Maroni attacca la Lega di Salvini

“Io assolutamente non sono stato informato di niente. A Ferragosto ero a Castelvolturno e Conte non mi fece neanche mezzo colpo di telefono”. Matteo Salvini, ad Agorà su Rai3, torna così sui possibili coinvolgimenti italiani nel Russiagate  che interessa l’amministrazione Trump.

Se neanche i vicepresidenti del Consiglio non sapevano nulla di scandali internazionali veri e non – rimarca il leader della Lega – di fondi mai visti né chiesti e che non si troveranno, né il presidente del Consiglio che del resto i servizi segreti li usa come sua dependance, suoi portatori d’acqua e bevande. Spieghi Conte se qualcuno ha sbagliato e ha qualcosa da nascondere.
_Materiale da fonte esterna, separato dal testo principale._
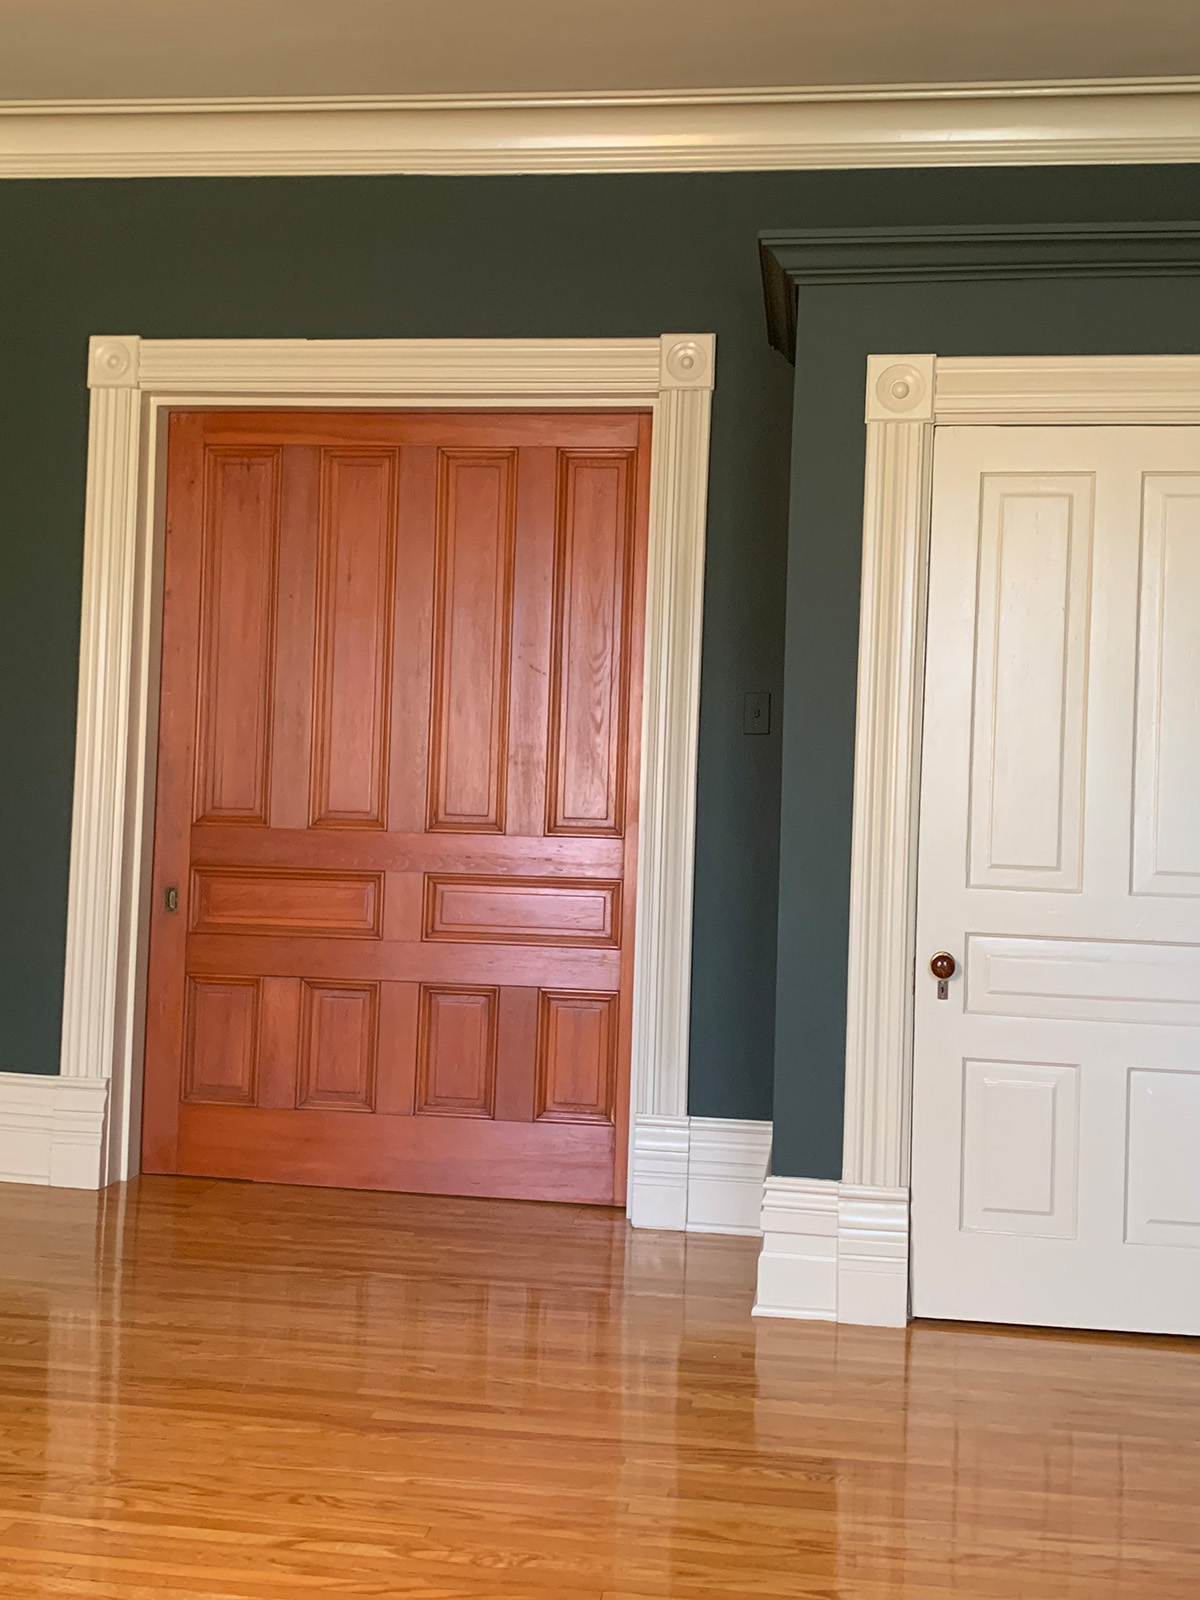 Restored Sliding Door Inside Victorian Home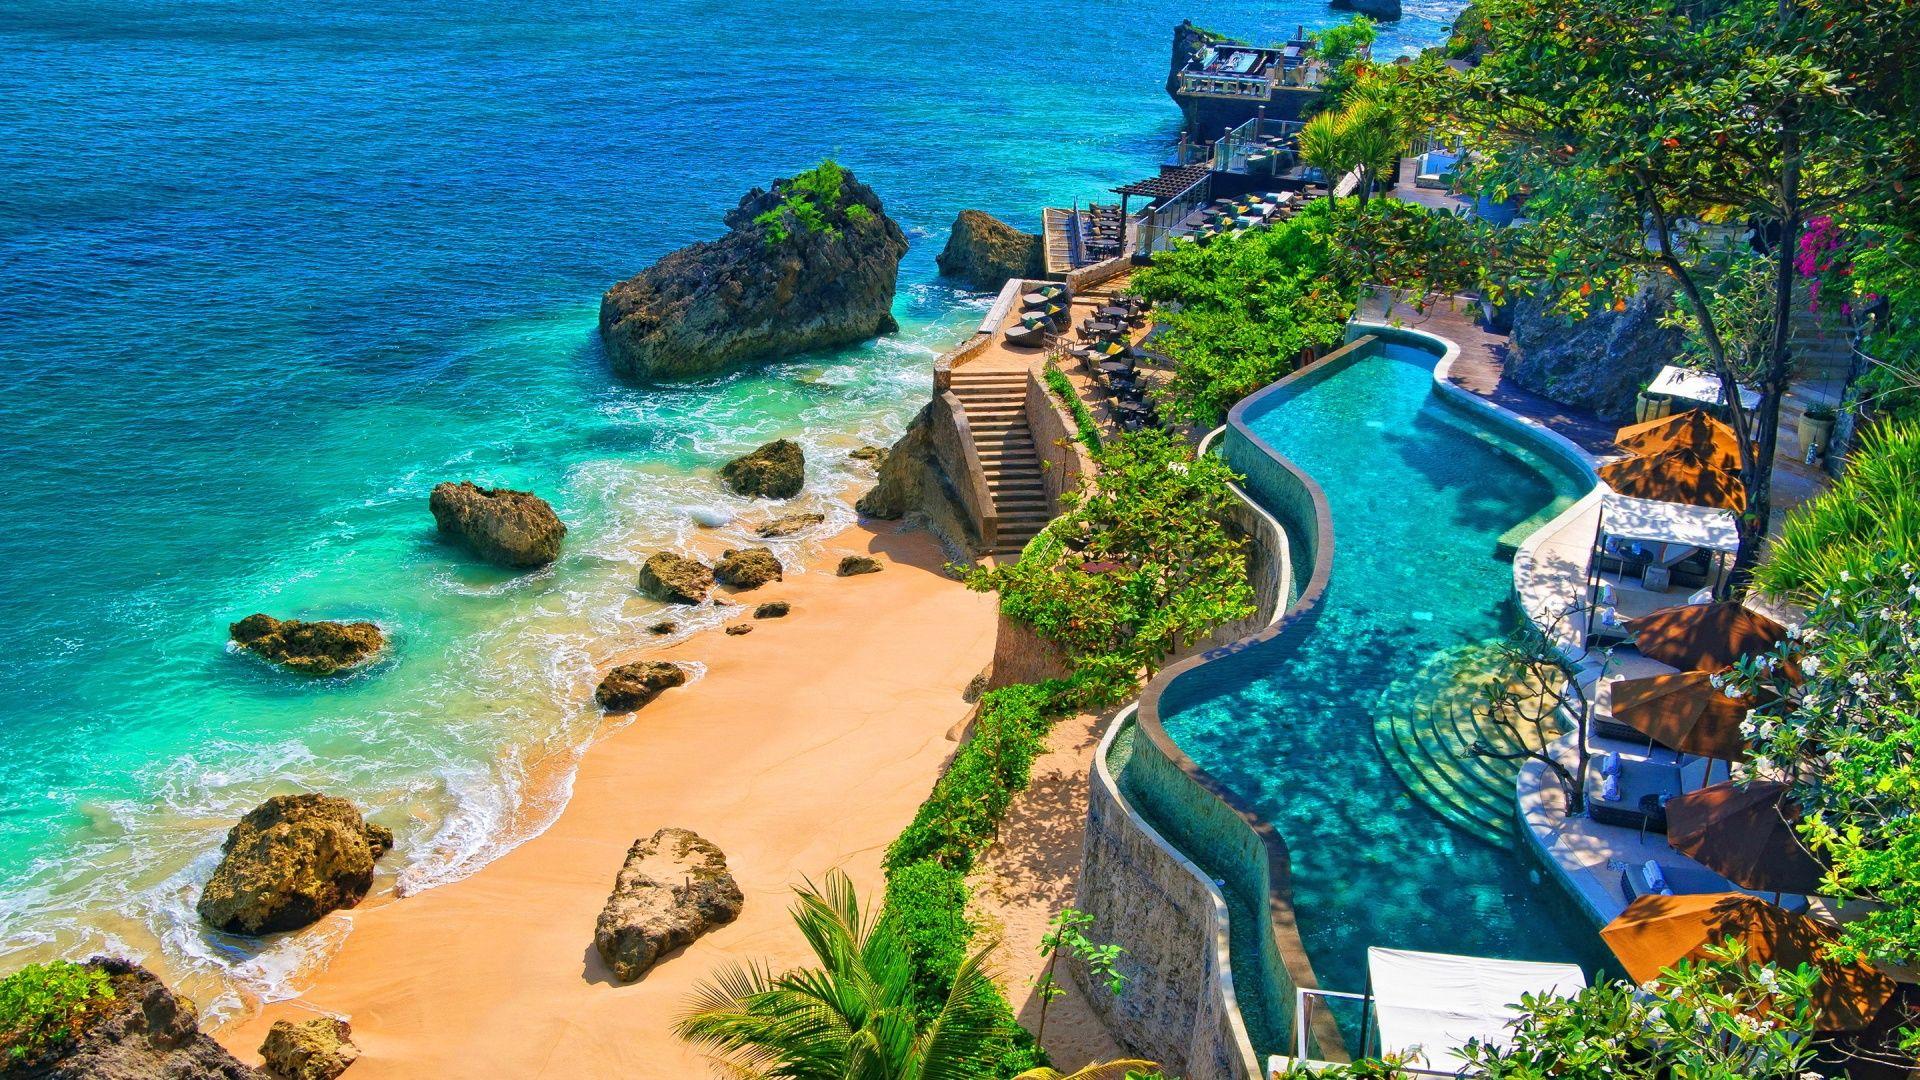 Stunning Bali Resort Wallpaper 45862 1920x1080 px

L’ex ministro poi, parlando del nuovo Governo, dice: ‘Evitino di parlare e di mandare gli italiani nel panico. Noi litigavamo, ma la manovra che arrivava in Parlamento poi era quella, qui si parla addirittura di misure retroattive’.

È assurdo – continua – bloccare la riduzione delle tasse per artigiani, commercianti e piccoli imprenditori, ma vediamo. Del resto, Conte, Renzi e Di Maio hanno poteri magici…

Non è tenera l’analisi dell’ex segretario della Lega Nord Roberto Maroni sulla gestione della crisi politica di questa estate fatta da l’attuale leader del Carroccio Matteo Salvini. Si è fatto fagocitare dal rito romano. Ha concesso sette giorni e sette notti a Giuseppe Conte, ma in politica in una settimana può succedere di tutto, ha affermato l’ex ministro in un colloquio con il Fatto Quotidiano.

Una volta annunciata la sfiducia al premier, secondo Maroni, Salvini avrebbe dovuto ritirare la delegazione dei ministri, così da obbligare il presidente del Consiglio a presentarsi subito dimissionario al Quirinale. Invece, ha fatto notare, ha voluto attendere la famosa seduta in Senato del 20 agosto, dando tempo al sistema di riorganizzarsi et voilà: un’altra maggioranza si era già formata.

Poi Maroni ha rincarato la dose, dicendo che per lui il Capitano ha cincischiato, temporeggiato, si è mosso lentamente e senza un piano B, fidandosi di Zingaretti e di chissà chi altri, ma in politica la situazione è cangiante per definizione. Mi ha ricordato il Bersani post voto del 2013. È stato indeciso pure sul commissario europeo: avrebbe dovuto scegliere subito, magari Luca Zaia.

Dopo il successo alle Europee, ha continuato l’ex segretario leghista, avevo consigliato a Salvini di andare all’incasso con un rimpasto di governo per prendersi Economia e Infrastrutture, per poi votare nella primavera del 2020 dopo aver portato a casa autonomia e taglio dei parlamentari. Avrebbe vinto sul velluto. E invece, non si andrà a votare prima dell’elezione del capo dello Stato. Se poi nei prossimi mesi l’esecutivo giallorosso imbrocca due o tre cose, a partire da una gestione meno emergenziale del fenomeno migratorio, il consenso della Lega potrebbe iniziare a erodersi.